- **Your instructions**
Copy the records below in full, changing no character.

- **Extracted records**

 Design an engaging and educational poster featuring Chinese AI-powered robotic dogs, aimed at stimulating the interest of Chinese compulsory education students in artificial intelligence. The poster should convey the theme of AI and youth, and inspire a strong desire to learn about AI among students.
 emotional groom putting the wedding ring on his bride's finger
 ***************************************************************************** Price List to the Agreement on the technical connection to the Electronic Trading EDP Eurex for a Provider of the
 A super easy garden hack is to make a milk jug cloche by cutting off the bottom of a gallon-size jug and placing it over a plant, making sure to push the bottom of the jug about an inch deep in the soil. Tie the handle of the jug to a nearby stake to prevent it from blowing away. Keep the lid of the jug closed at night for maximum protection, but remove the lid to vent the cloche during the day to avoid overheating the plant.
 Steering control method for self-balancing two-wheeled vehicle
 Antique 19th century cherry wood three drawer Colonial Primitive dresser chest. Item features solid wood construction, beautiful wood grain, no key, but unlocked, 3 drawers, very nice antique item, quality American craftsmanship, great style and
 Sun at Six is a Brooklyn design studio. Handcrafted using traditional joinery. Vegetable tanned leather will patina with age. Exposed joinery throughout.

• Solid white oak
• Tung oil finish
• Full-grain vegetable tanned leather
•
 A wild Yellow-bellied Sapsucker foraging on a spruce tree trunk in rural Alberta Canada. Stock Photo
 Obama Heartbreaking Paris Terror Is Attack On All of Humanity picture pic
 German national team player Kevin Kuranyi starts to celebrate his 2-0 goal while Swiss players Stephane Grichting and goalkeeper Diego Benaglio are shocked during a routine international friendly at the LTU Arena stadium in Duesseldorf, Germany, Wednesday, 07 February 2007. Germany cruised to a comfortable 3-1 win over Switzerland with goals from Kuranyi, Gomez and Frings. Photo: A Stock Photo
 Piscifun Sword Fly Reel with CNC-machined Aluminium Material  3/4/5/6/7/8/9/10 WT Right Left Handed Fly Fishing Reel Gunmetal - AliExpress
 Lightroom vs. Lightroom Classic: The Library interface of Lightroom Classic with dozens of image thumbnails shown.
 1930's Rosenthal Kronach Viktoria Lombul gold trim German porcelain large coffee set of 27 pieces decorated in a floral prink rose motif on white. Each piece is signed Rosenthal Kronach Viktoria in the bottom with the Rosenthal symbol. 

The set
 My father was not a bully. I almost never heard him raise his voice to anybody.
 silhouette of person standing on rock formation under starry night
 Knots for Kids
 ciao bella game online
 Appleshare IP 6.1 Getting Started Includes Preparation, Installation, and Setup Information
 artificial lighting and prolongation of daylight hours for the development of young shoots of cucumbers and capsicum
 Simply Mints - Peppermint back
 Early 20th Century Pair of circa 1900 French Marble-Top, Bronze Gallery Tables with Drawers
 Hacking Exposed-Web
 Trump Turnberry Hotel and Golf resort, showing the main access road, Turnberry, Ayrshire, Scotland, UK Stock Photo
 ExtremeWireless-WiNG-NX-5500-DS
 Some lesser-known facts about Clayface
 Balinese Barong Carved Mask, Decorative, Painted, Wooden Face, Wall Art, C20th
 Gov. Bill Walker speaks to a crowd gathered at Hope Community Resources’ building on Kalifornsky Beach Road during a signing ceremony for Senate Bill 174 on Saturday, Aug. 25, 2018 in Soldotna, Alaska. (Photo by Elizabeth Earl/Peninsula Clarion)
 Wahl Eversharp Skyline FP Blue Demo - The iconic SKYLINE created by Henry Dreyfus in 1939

- **Solution to this task**
 Design an engaging and educational poster featuring Chinese AI-powered robotic dogs, aimed at stimulating the interest of Chinese compulsory education students in artificial intelligence. The poster should convey the theme of AI and youth, and inspire a strong desire to learn about AI among students.
 emotional groom putting the wedding ring on his bride's finger
 ***************************************************************************** Price List to the Agreement on the technical connection to the Electronic Trading EDP Eurex for a Provider of the
 A super easy garden hack is to make a milk jug cloche by cutting off the bottom of a gallon-size jug and placing it over a plant, making sure to push the bottom of the jug about an inch deep in the soil. Tie the handle of the jug to a nearby stake to prevent it from blowing away. Keep the lid of the jug closed at night for maximum protection, but remove the lid to vent the cloche during the day to avoid overheating the plant.
 Steering control method for self-balancing two-wheeled vehicle
 Antique 19th century cherry wood three drawer Colonial Primitive dresser chest. Item features solid wood construction, beautiful wood grain, no key, but unlocked, 3 drawers, very nice antique item, quality American craftsmanship, great style and
 Sun at Six is a Brooklyn design studio. Handcrafted using traditional joinery. Vegetable tanned leather will patina with age. Exposed joinery throughout.

• Solid white oak
• Tung oil finish
• Full-grain vegetable tanned leather
•
 A wild Yellow-bellied Sapsucker foraging on a spruce tree trunk in rural Alberta Canada. Stock Photo
 Obama Heartbreaking Paris Terror Is Attack On All of Humanity picture pic
 German national team player Kevin Kuranyi starts to celebrate his 2-0 goal while Swiss players Stephane Grichting and goalkeeper Diego Benaglio are shocked during a routine international friendly at the LTU Arena stadium in Duesseldorf, Germany, Wednesday, 07 February 2007. Germany cruised to a comfortable 3-1 win over Switzerland with goals from Kuranyi, Gomez and Frings. Photo: A Stock Photo
 Piscifun Sword Fly Reel with CNC-machined Aluminium Material  3/4/5/6/7/8/9/10 WT Right Left Handed Fly Fishing Reel Gunmetal - AliExpress
 Lightroom vs. Lightroom Classic: The Library interface of Lightroom Classic with dozens of image thumbnails shown.
 1930's Rosenthal Kronach Viktoria Lombul gold trim German porcelain large coffee set of 27 pieces decorated in a floral prink rose motif on white. Each piece is signed Rosenthal Kronach Viktoria in the bottom with the Rosenthal symbol. 

The set
 My father was not a bully. I almost never heard him raise his voice to anybody.
 silhouette of person standing on rock formation under starry night
 Knots for Kids
 ciao bella game online
 Appleshare IP 6.1 Getting Started Includes Preparation, Installation, and Setup Information
 artificial lighting and prolongation of daylight hours for the development of young shoots of cucumbers and capsicum
 Simply Mints - Peppermint back
 Early 20th Century Pair of circa 1900 French Marble-Top, Bronze Gallery Tables with Drawers
 Hacking Exposed-Web
 Trump Turnberry Hotel and Golf resort, showing the main access road, Turnberry, Ayrshire, Scotland, UK Stock Photo
 ExtremeWireless-WiNG-NX-5500-DS
 Some lesser-known facts about Clayface
 Balinese Barong Carved Mask, Decorative, Painted, Wooden Face, Wall Art, C20th
 Gov. Bill Walker speaks to a crowd gathered at Hope Community Resources’ building on Kalifornsky Beach Road during a signing ceremony for Senate Bill 174 on Saturday, Aug. 25, 2018 in Soldotna, Alaska. (Photo by Elizabeth Earl/Peninsula Clarion)
 Wahl Eversharp Skyline FP Blue Demo - The iconic SKYLINE created by Henry Dreyfus in 1939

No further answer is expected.